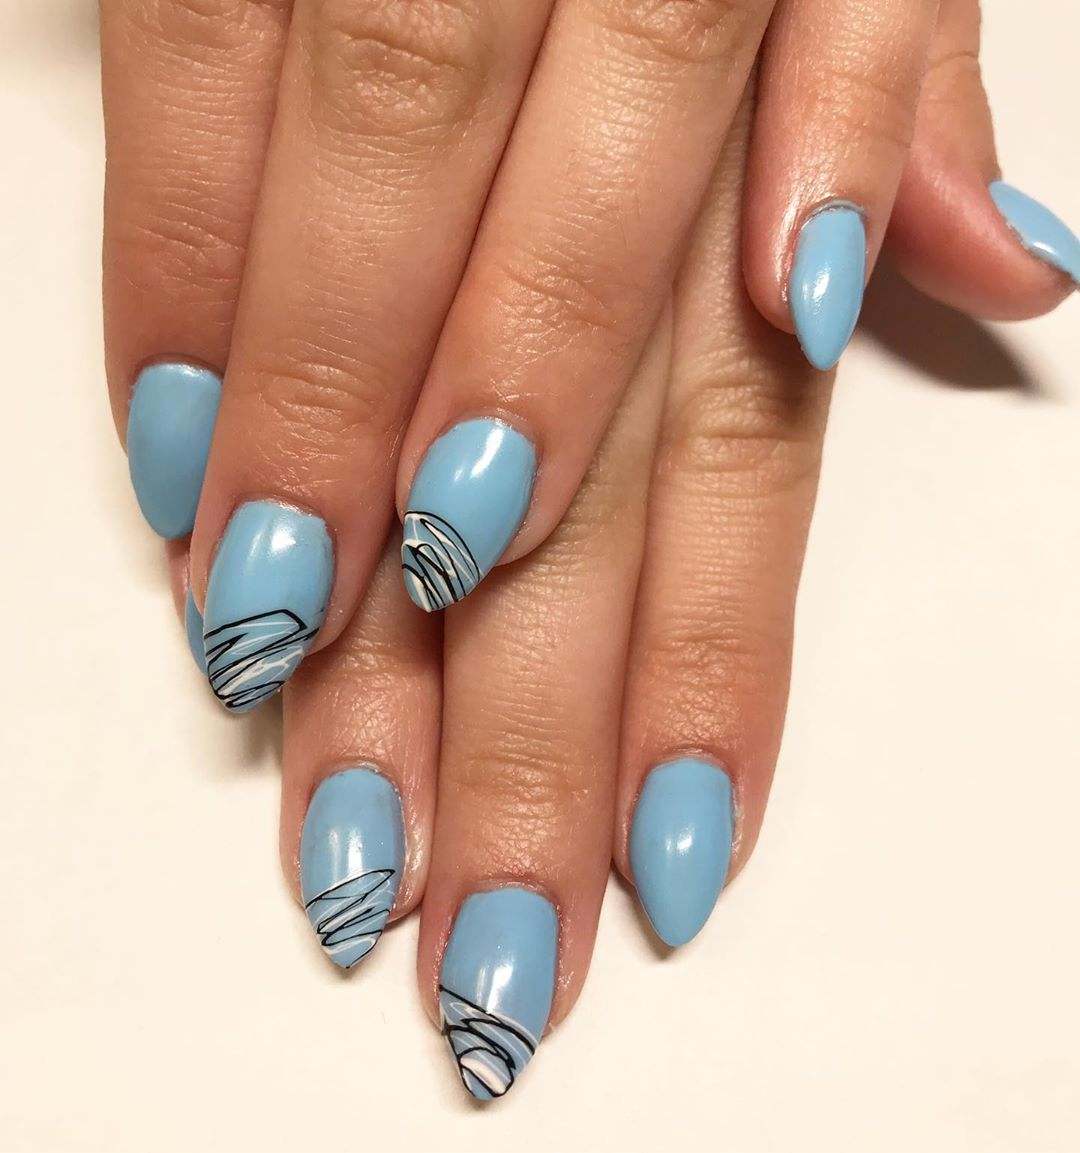 Spider gel naglar långa stilett naglar från ljusblå nagellack modetrender sommar
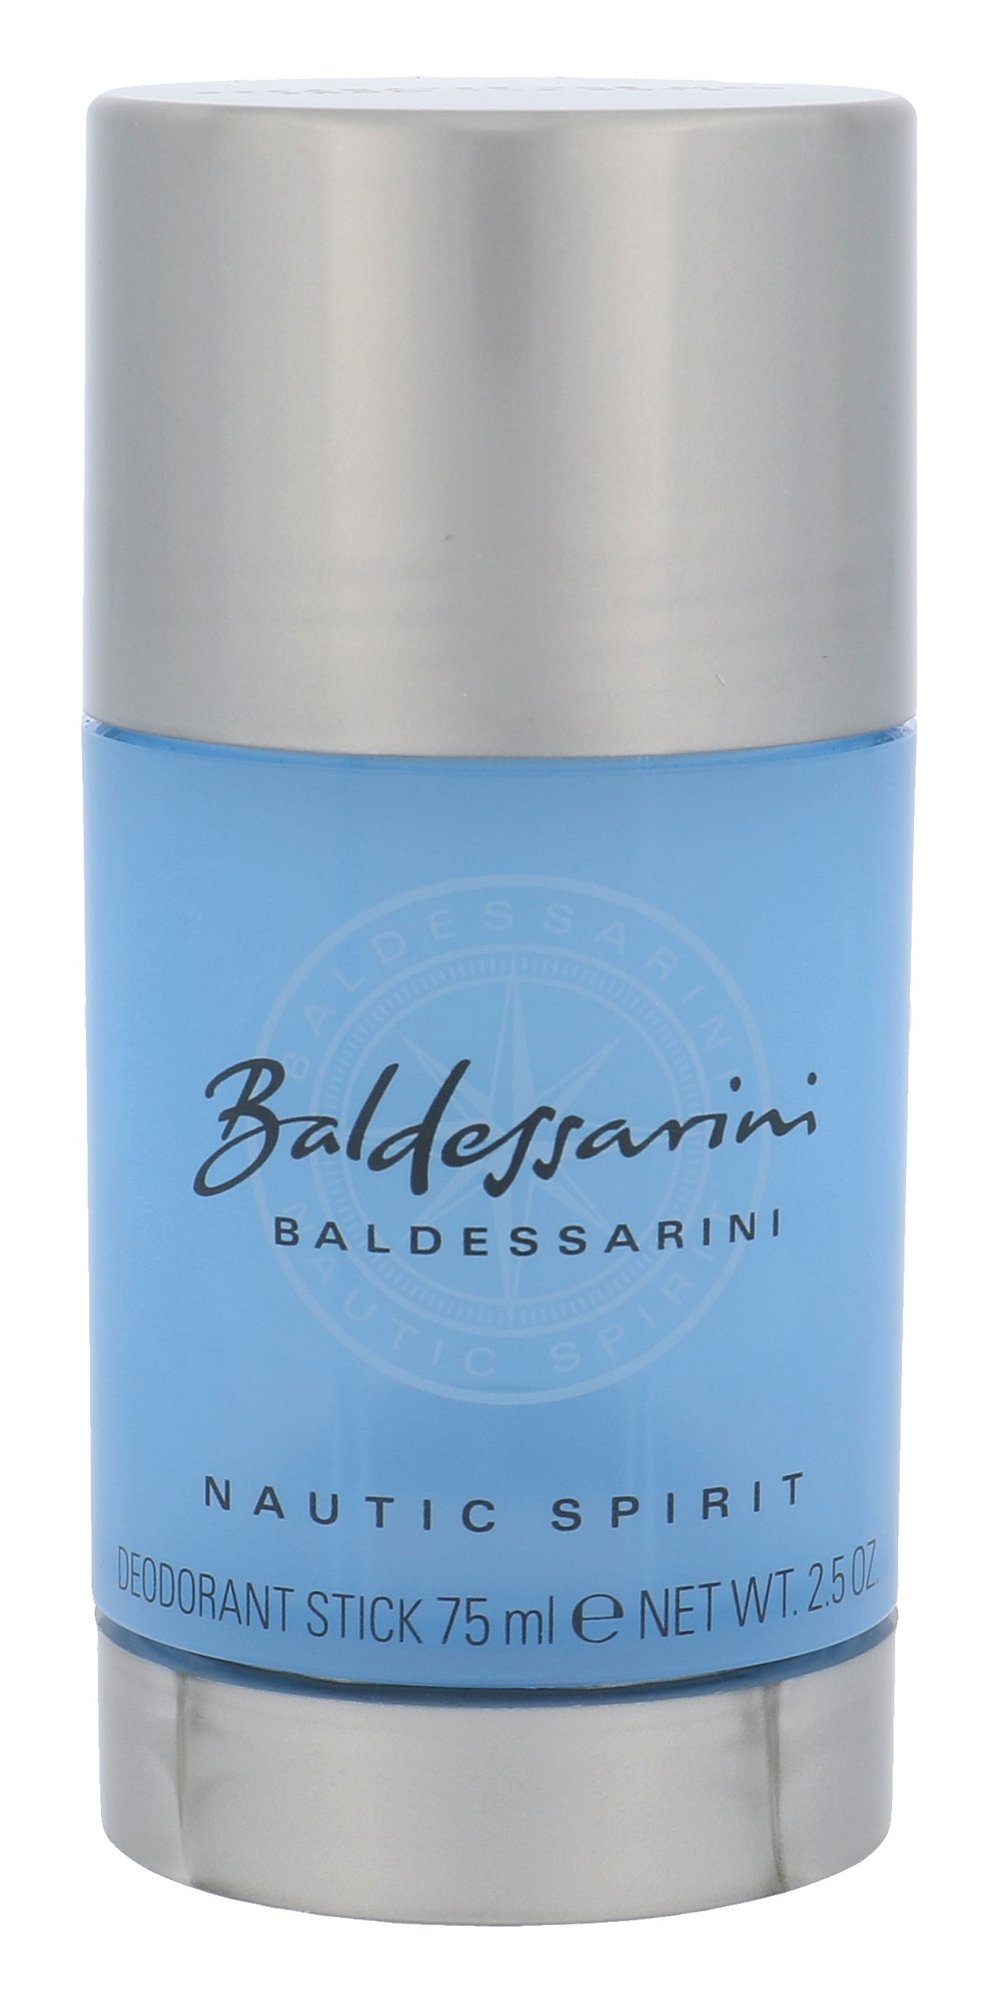 Baldessarini Nautic Spirit 75ml dezodorantas
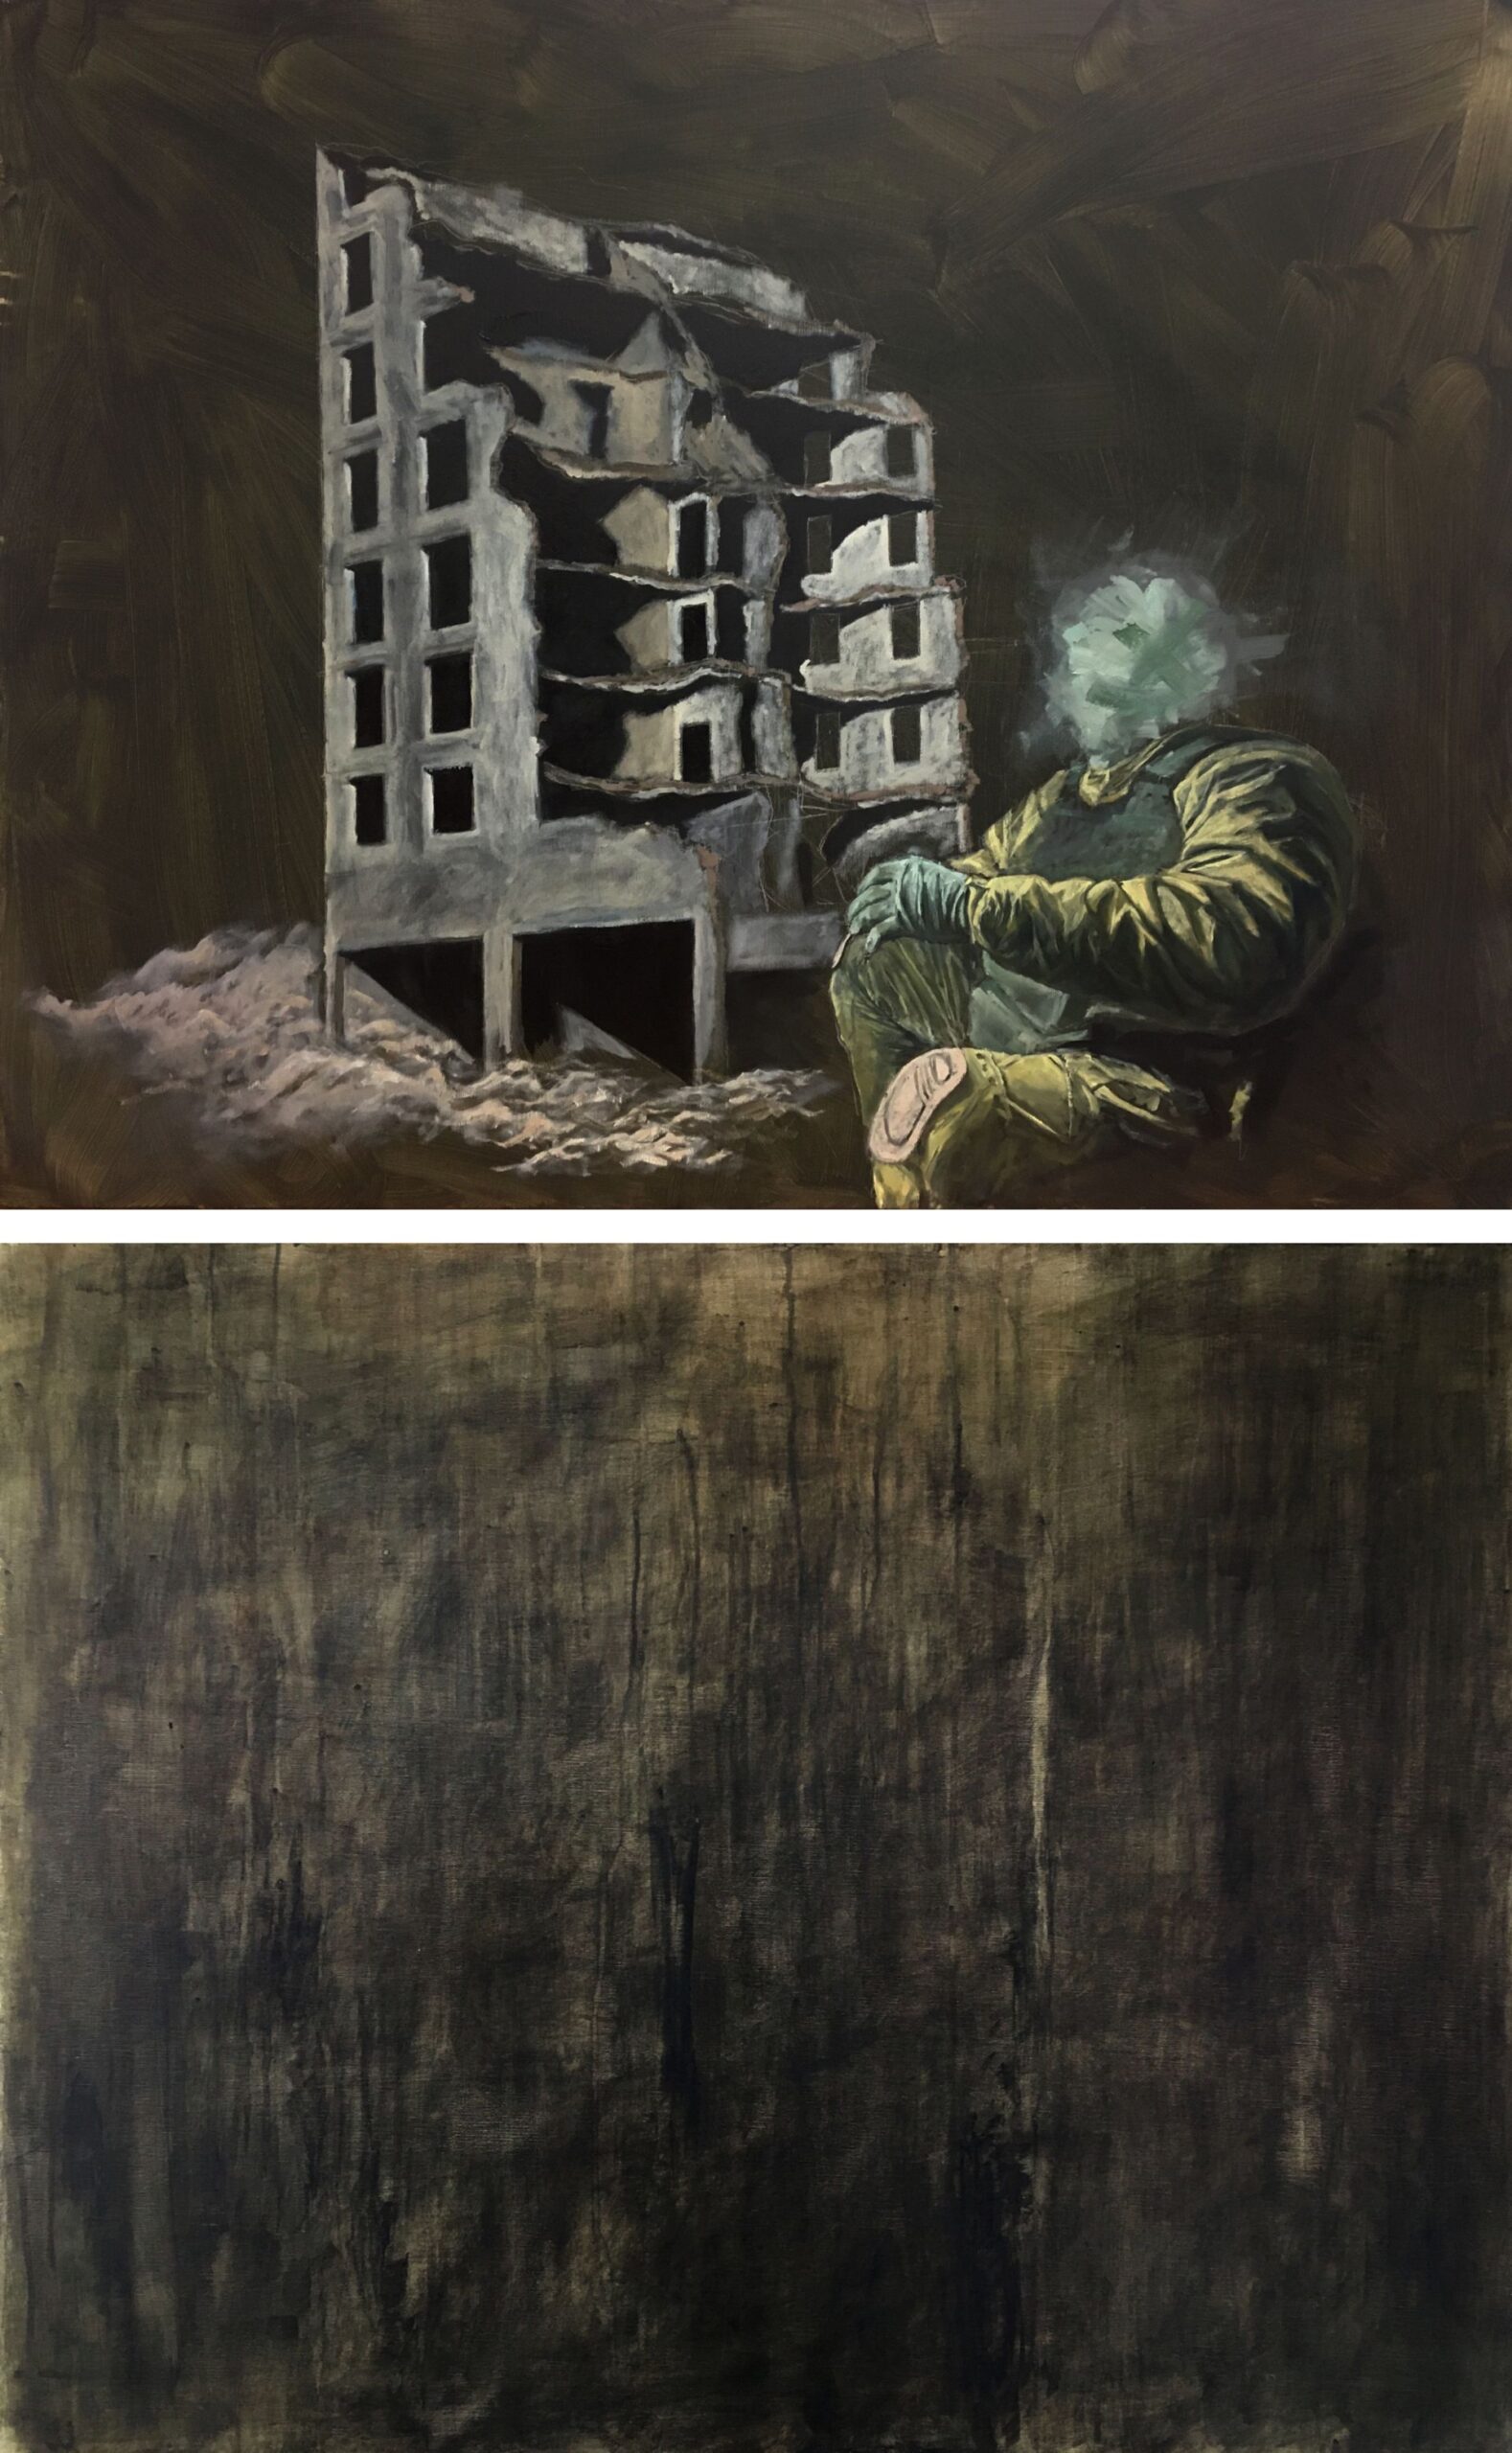 Żołnierz na tle ruin. Obraz poświęcony wojnie w Ukrainie.
..............................
◆ PROBLEM TO SOLVE
A word-for-word copy of all the data is required, minus the pictures.

◆ EXERCISE RESPONSE
 Spider gel naglar långa stilett naglar från ljusblå nagellack modetrender sommar
 Baldessarini Nautic Spirit 75ml dezodorantas
 Żołnierz na tle ruin. Obraz poświęcony wojnie w Ukrainie.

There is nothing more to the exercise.